Who said this:
This piece was supposed to run on the front page of the Washington Post. They turned it down went cool on it on the grounds that it was too long and too supportive of Obamacare. It’s worth remembering before we all go into a Beltway frenzy about SCOTUS and the ACA – that this issue affects people’s lives in the most graphic and direct way imaginable. It becomes the difference between living with chronic illnesses or being healthy. It can be the difference between a short life and a long one.
I’ve evolved on this issue. In general, I find a huge amount to admire in America’s private healthcare system and wouldn’t want to alter its essential private structure. But its simply staggering inefficiencies, massive costs, and failure to provide health to the working poor persuaded me of the need for reform. And at some deep level, when I consult my conscience, I find denying people healthcare different than denying them a job or a mortgage or a car or an iPhone, or any other material goods. Without your health, you can enjoy none of this.
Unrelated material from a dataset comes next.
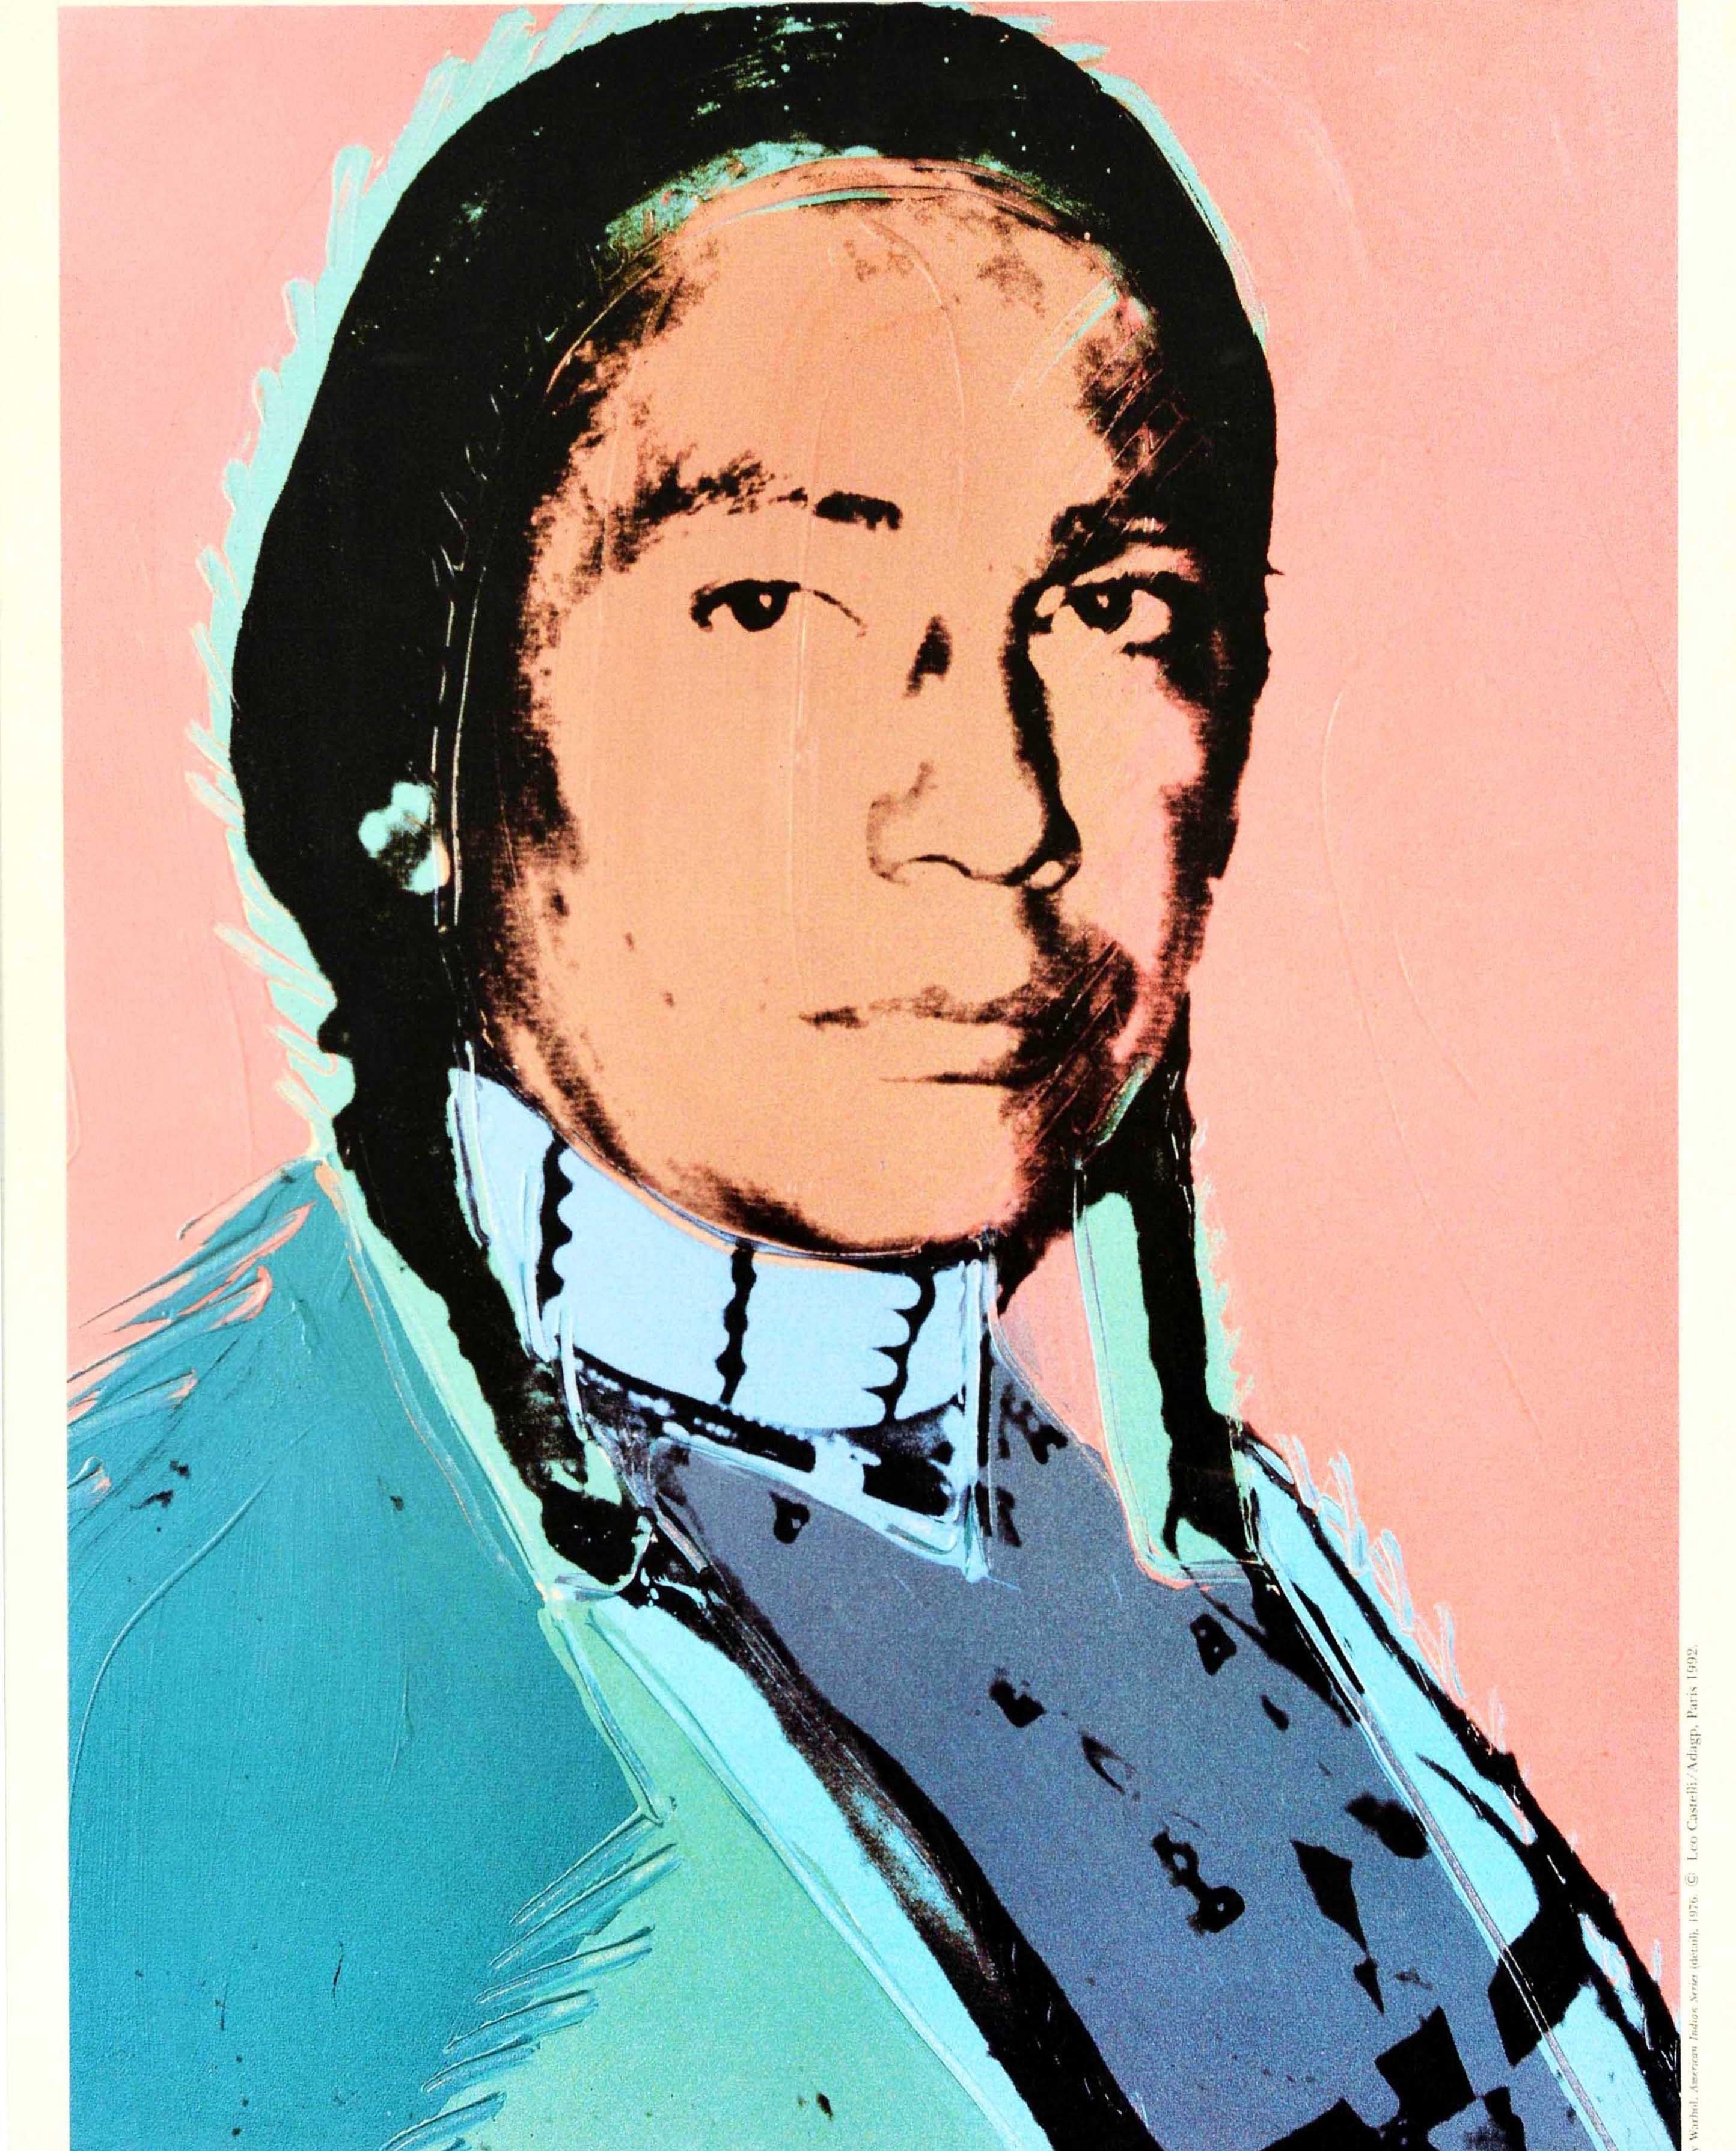 Affiche publicitaire vintage originale pour L'art des Etats-Unis / The Art of The United States, présentant un portrait Pop Art coloré de l'Américain Russell Means en costume traditionnel, réalisé par le célèbre artiste Andy Warhol (1928-1987).

I remember my instant, sustained reaction when my friends became sick and died for so many grueling years. It was inconceivable for me then that these people should be left to suffer and die in a country as wealthy as we are. If that’s true of my friends, it must also be true of those I have never known, whose bodies are no different than mine, whose pain is no less acute, whose lives are no less sacred. You can call this the Golden Rule if you want. Or Christian principles.
Eighteen years after pimping Betsy McCaughey in the TNR, two years after reform was passed (again, with his principled Burkean objections a constant obstacle), and perhaps a month before SCOTUS strikes the law down (or worse yet, kills the individual mandate while leaving the rest intact so as to blame Obama for the inevitable premium increases that will come with no mandate- and would anyone put this past Roberts and Scalia, who are basically Karl Rove in judicial robes?), the Beard of Self-Reflection finds the need for health care reform.
In other news, in 1965 the surviving members of the Titanic crew decide maybe they should have looked out for icebergs.